In this issue, the temporal difference image of the object becomes smaller and loses its situation.
|Accuracy rate||Detection + Tracking||Accuracy rate||Detection + Tracking||Accuracy rate||Detection + Tracking|
|Sequence1||98.61 %||53.8 FPS||98.61 %||58.5 FPS||71.76 %||52.1 FPS|
|Sequence2||95.90 %||56.5 FPS||96.31 %||57.1 FPS||56.15 %||49.0 FPS|
|Sequence3||97.40 %||54.1 FPS||92.36 %||60.7 FPS||96.59 %||63.1 FPS|
|Sequence4||93.55 %||54.3 FPS||82.61 %||62.0 FPS||92.65 %||63.2 FPS|
|Sequence5||82.97 %||56.7 FPS||80.44 %||60.2 FPS||77.29 %||65.6 FPS|
|Sequence6||82.57 %||53.9 FPS||78.90 %||61.5 FPS||46.79 %||63.9 FPS|
|Sequence7||90.28 %||54.7 FPS||37.50 %||61.4 FPS||40.28 %||63.5 FPS|
|Sequence8||83.33 %||55.1 FPS||73.46 %||62.4 FPS||78.40 %||61.2 FPS|
|Sequence9||90.16 %||53.5 FPS||75.13 %||59.0 FPS||83.94 %||58.5 FPS|
|Average||90.53 %||54.7 FPS||79.48 %||60.3 FPS||71.53 %||60.1 FPS|
|Accuracy rate||Detection + Tracking + occlusion||Accuracy rate||Detection + Tracking + occlusion||Accuracy rate||Detection + Tracking + occlusion|
|Sequence10||92.94 %||56.7 FPS||88.61 %||60.6 FPS||82.92 %||57.6 FPS|
|Sequence11||89.98 %||54.8 FPS||83.67 %||60.9 FPS||92.60 %||58.7 FPS|
|Sequence12||90.43 %||53.9 FPS||79.79 %||60.8 FPS||82.98 %||55.9 FPS|
|Sequence13||90.00 %||52.6 FPS||86.67 %||59.7 FPS||75.56 %||63.7 FPS|
|Average||90.84 %||54.5 FPS||84.69 %||60.5 FPS||83.52 %||58.9 FPS|
|Accuracy rate||Detection + Tracking + occlusion||Accuracy rate||Detection + Tracking + occlusion||Accuracy rate||Detection + Tracking + occlusion|
|Sequence14||85.60 %||14.1 FPS||73.60 %||16.5 FPS||31.20 %||15.5 FPS|
|Sequence15||88.36 %||14.1 FPS||79.45 %||16.6 FPS||63.01 %||15.3 FPS|
|Sequence16||81.33 %||14.2 FPS||70.67 %||16.6 FPS||33.33 %||15.2 FPS|
|Average||85.10 %||14.1 FPS||74.57 %||16.6 FPS||42.51 %||15.3 FPS|
The direct LL-mask band scheme (DLLBS) for moving object detection and tracking is proposed in this work. It is able to detect and track moving objects in indoor and outdoor environments with statistic video systems. The proposed DLLBS does not only overcome the drawbacks of high complex computation and slow speed for the conventional DWT, but also preserves the wavelet features of the flexible multi-resolution image and the capability for dealing with noises and fake motion such as moving leaves of trees.

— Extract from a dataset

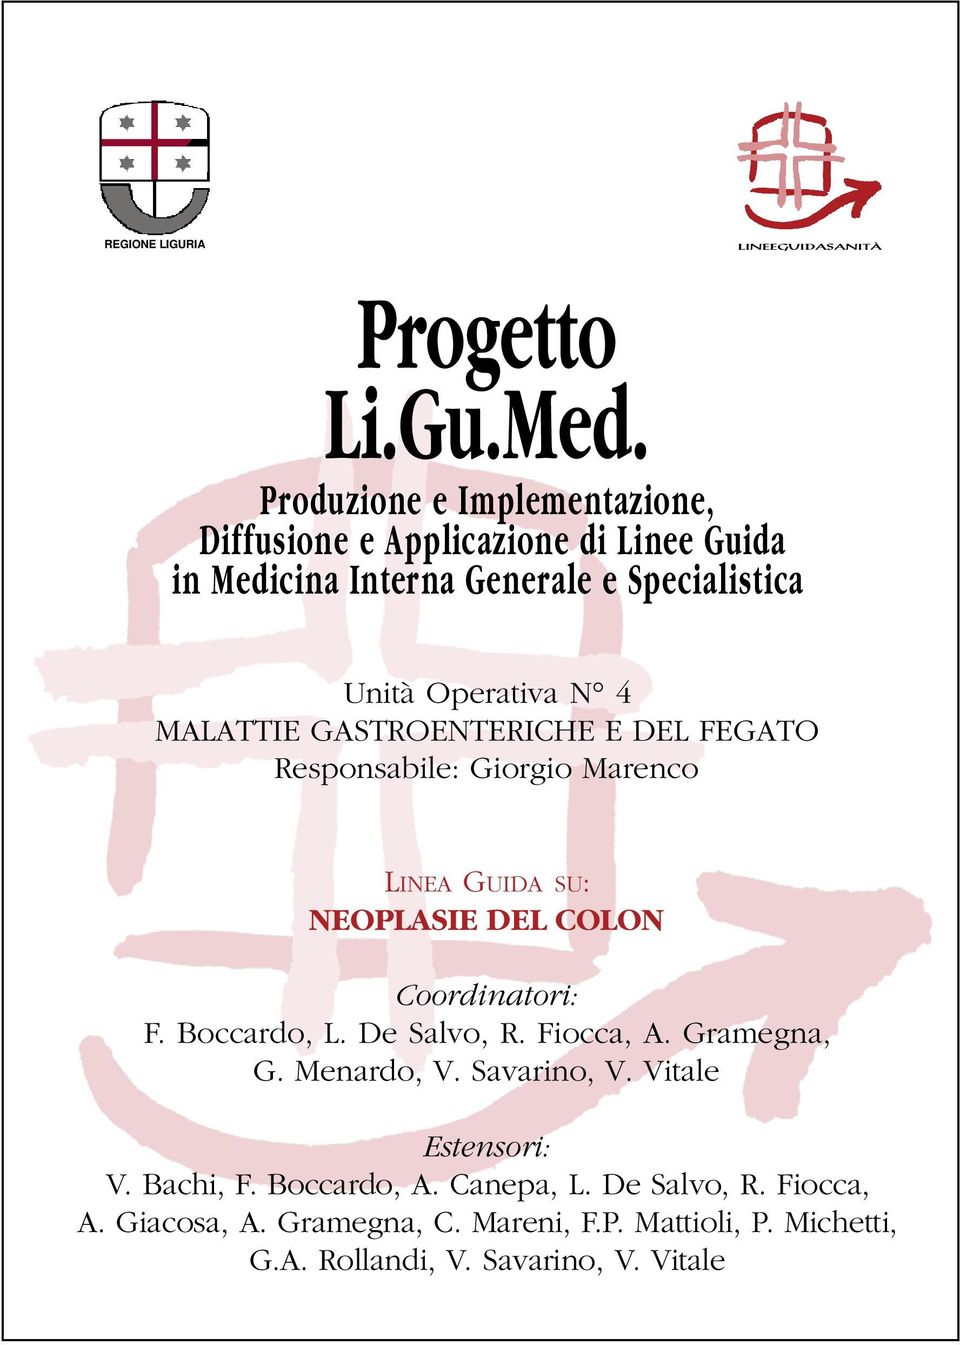 MALATTIE GASTROENTERICHE E DEL FEGATO Responsabile: Giorgio Marenco LINEA GUIDA SU: NEOPLASIE DEL COLON Coordinatori: F. Boccardo, L.

In the real-word application, the experimental results demonstrate that the 2-D LL2-band (for 320×240) and the 2-D LL3-band (for 640×480) can effectively track moving objects by region-based tracking under any environments (day and night), as well as it can cope with noise issues. For occlusion considerations, we propose a new approach, characteristic point recognition (CPR). Combined with DLLBS and CPR, it can accurately track various types of occlusions. The DLLBS system can be extended to the real-time video surveillance system applications, such as object classification and descriptive behaviors of objects.